Enerji dönüşümü konusunda bir de madalyonun tersini görmek için Ekonomi Bakanlığı’nın yolunu tuttuk. Bizi Enerji Politikası Bölümü’nden iki uzman karşıladı. Görüşmenin ‘off the record’ olduğu ifade edildi. Bakanlık enerji dönüşümünün gerçekleştirileceğine inanıyor. Bunun için de çok sayıda senaryo rapor hazırlanmış. Yenilenebilir enerjilerin ithalattan bağımsız olmayı getireceği vurgulanıyor. Almanya’da ekonomi büyürken elektrik tüketiminin düştüğü belirtilerek bunun enerji verimliliği tedbirlerinin amacına ulaştığının en büyük göstergesi olduğu ifade ediliyor. Ekonomi Bakanlığı’nda yenilenebilir enerji kaynaklarına uygun iletim hatlarının yapılmasının önemine dikkat çekiliyor. Çünkü bu yapılmazsa enerji yatırımları bir manada toprağa gömülmüş olacak. Ekonomi bürokratlarına göre yenilenebilir enerjilerde maliyetler her geçen düşüyor.

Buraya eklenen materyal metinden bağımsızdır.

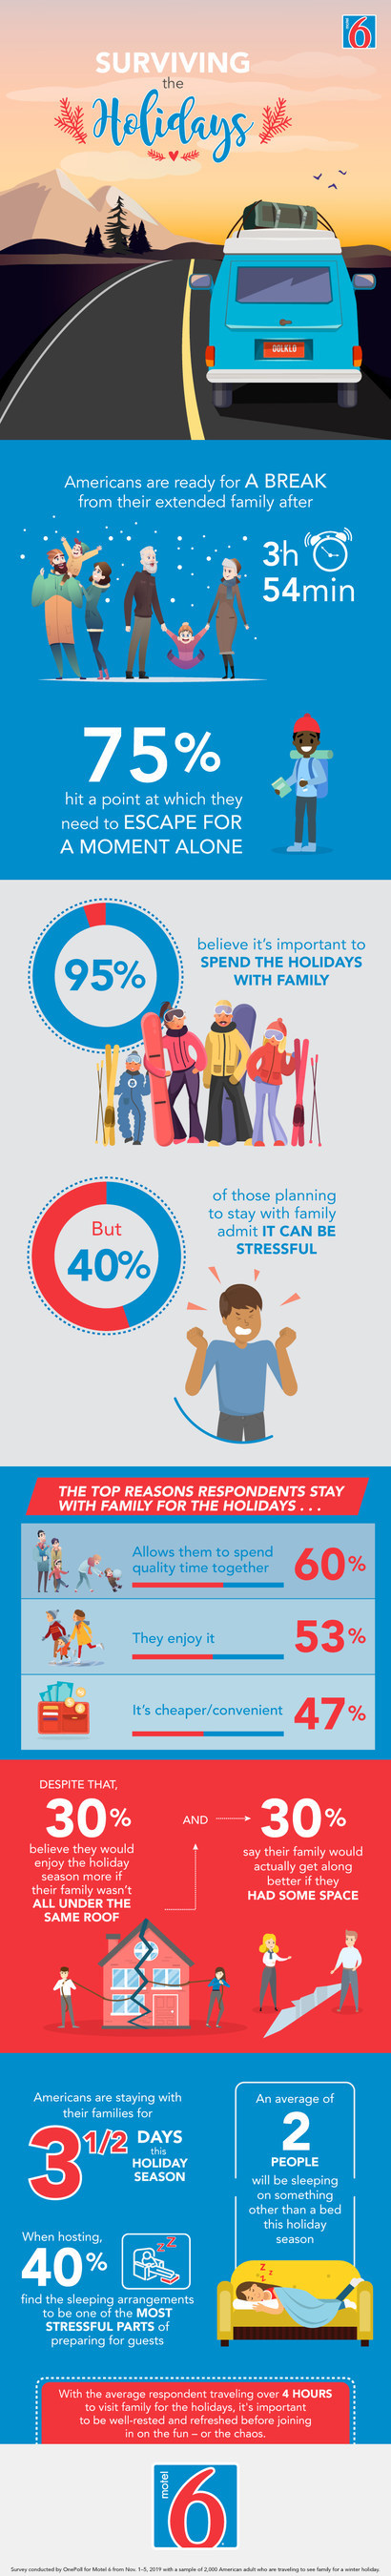 Surviving the Holidays: Motel 6 releases second annual holiday travel survey. (Infographic)

Almanya Dışişleri Bakanlığı’nda ise hâkim görüş yenilenebilir enerjilerin hızla gelişmesiyle 2063’te petrol ve doğalgaz satan ülkelerin önemini büyük ölçüde yitireceği yönünde. Bakanlıkta, Birleşik Arap Emirlikleri gibi memleketlerin bu öngörüyle ticaret, finans ve turizm gibi alanlara ağırlık verdikleri belirtiliyor.

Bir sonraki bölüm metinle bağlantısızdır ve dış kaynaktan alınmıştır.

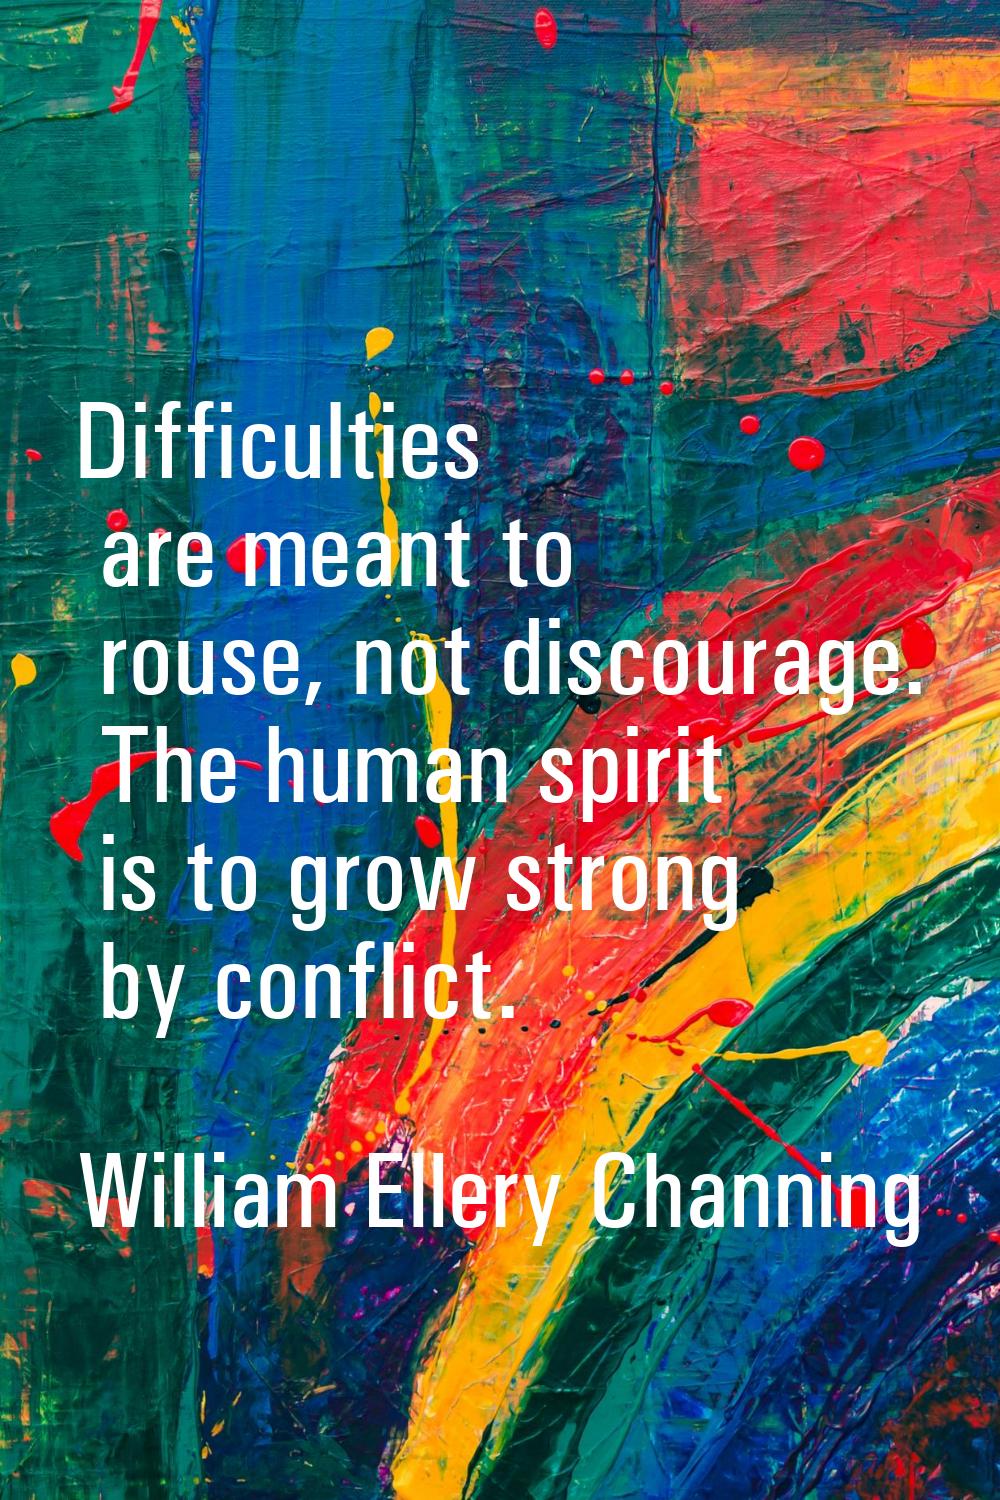 Difficulties are meant to rouse, not discourage. The human spirit is to grow strong by conflict.

Türkiye’nin Mersin’de kurulmak üzere Rusya’ya ihale ettiği nükleer santrale Almanya’da temkinli yaklaşılıyor. Alman politikacı ve bürokratlar bir ülkenin enerji üreteceği kaynakları seçmesinin kendi millî egemenliğinde olduğunu açıkça vurguluyor. Ancak bu konudaki görüşlerini diplomatik bir nezaketle anlatıyorlar. Türkiye’nin bu girişimiyle ilgili olarak, Almanya’nın bu teknolojiyi üretmesine rağmen nükleer santrallerden kuşku duyduğunu hatırlatıyorlar. Nükleer patlama ve atık konusunda dünya yüzündeki mevcut nükleer teknolojide tam olarak güvenli bir çözüm olmadığı vurgulanıyor. Finlandiya’da yapılan nükleer santrale beklenenden 4 kat fazla para harcanmasına dikkat çekiliyor. Fransa ile İtalya arasındaki nükleer işbirliğinin bozulması da dikkate alınması istenen diğer bir sıcak gelişme.

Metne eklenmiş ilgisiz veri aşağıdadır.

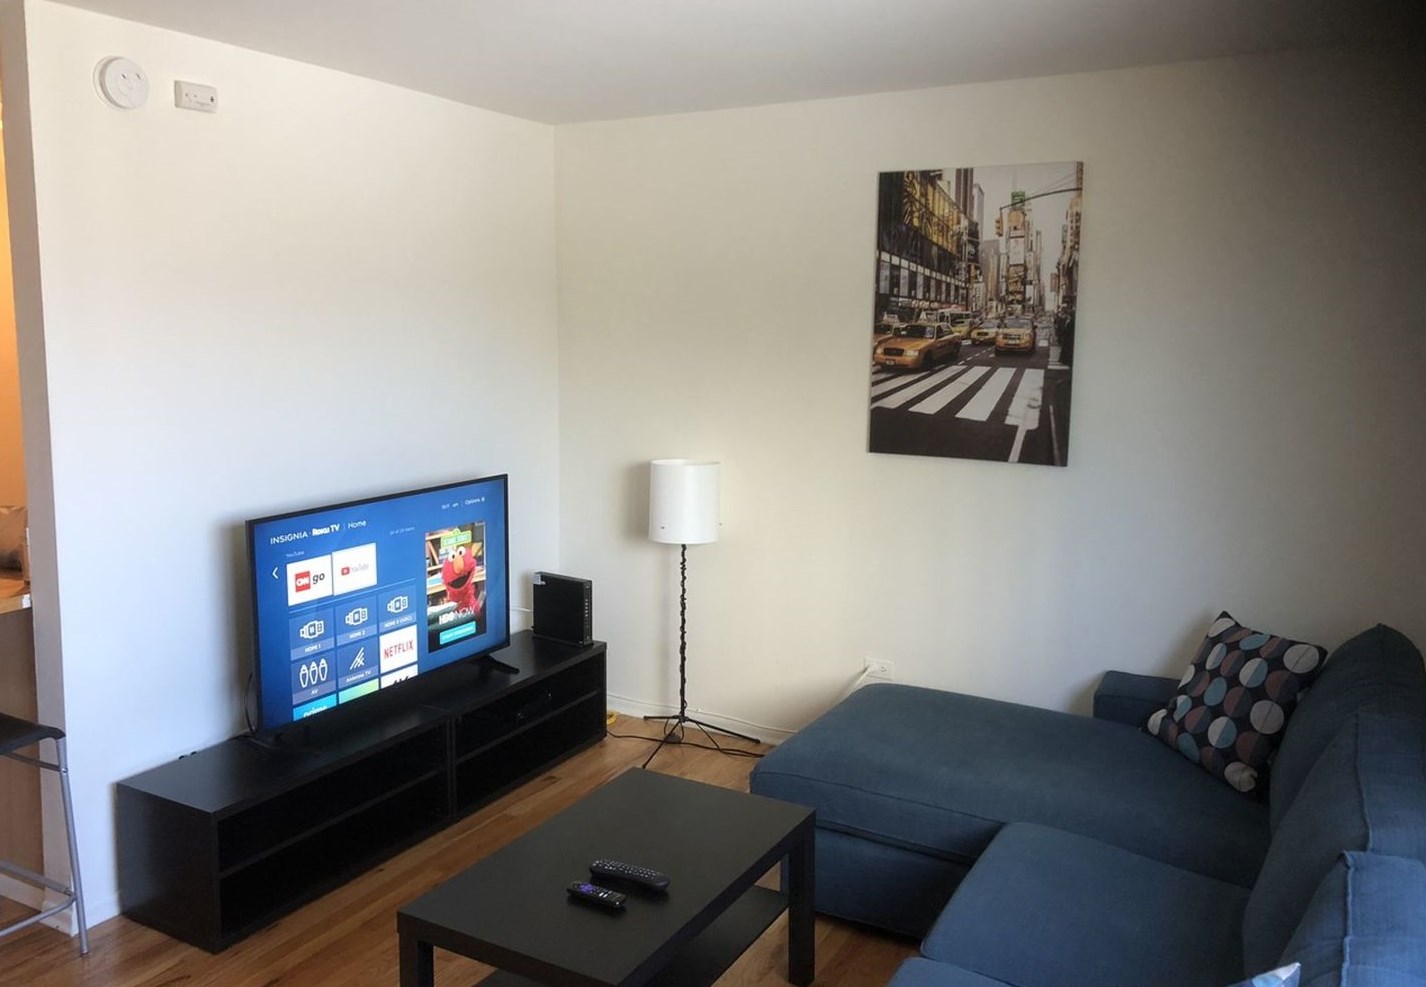 515 W Wrightwood Ave Apt 501, Chicago, IL 60614

Yenilenebilir enerji daha ucuz
Türkiye’de özellikle Enerji ve Tabii Kaynaklar Bakanı Taner Yıldız ve enerji bürokrasisi, bir ülkenin tüm enerji ihtiyacının yüzde 100 yenilenebilir kaynaklardan karşılanamayacağını savunuyor. Almanya’daki kanaat ise tam aksi yönde. Reiner Lemoine Institut yöneticisi Dr. Chiristian Breyer, bir enerji mühendisi. Yöneticisi olduğu enstitü ise profesyonel olarak enerji sektörüne danışmanlık hizmeti veriyor. Breyer, takvimler 2050’yi gösterdiğinde enerjinin yüzde 80’inin yenilenebilir kaynaklardan temin edilmemesi hâlinde uygarlığın bu maliyeti kaldıramayacağı görüşünde. Almanya’da en iyi yenilenebilir enerji kombinasyonlarında maliyetin 9 sente düştüğünü belirten Dr. Breyer, bugün rakamın doğalgaz ve kömürden ucuz hâle geldiğini ifade ediyor. Breyer’e göre güneş enerjisinin maliyeti her geçen yıl yüzde 5 ila 10 arasında düşecek. Almanya’da 400 bin kişinin yenilenebilir enerji sektöründe doğrudan istihdam edildiğini hatırlatan Breyer, 1990’dan beri yenilenebilir enerjiye 50 milyar avro harcandığının, oysa kömüre yapılan desteğin çok daha fazla olduğunun altını çiziyor. Dr. Breyer’in en önemli tespiti, yenilenebilir enerji kaynaklarının 2030’dan sonra Almanya’ya masraf değil, tam aksine tasarruf sağlayacağı. Breyer, bir ülkenin enerjisini tamamen yenilenebilir kaynaklardan sağlamasının mümkün olduğunu, yaptıkları modellerle ispatladıklarını anlatıyor.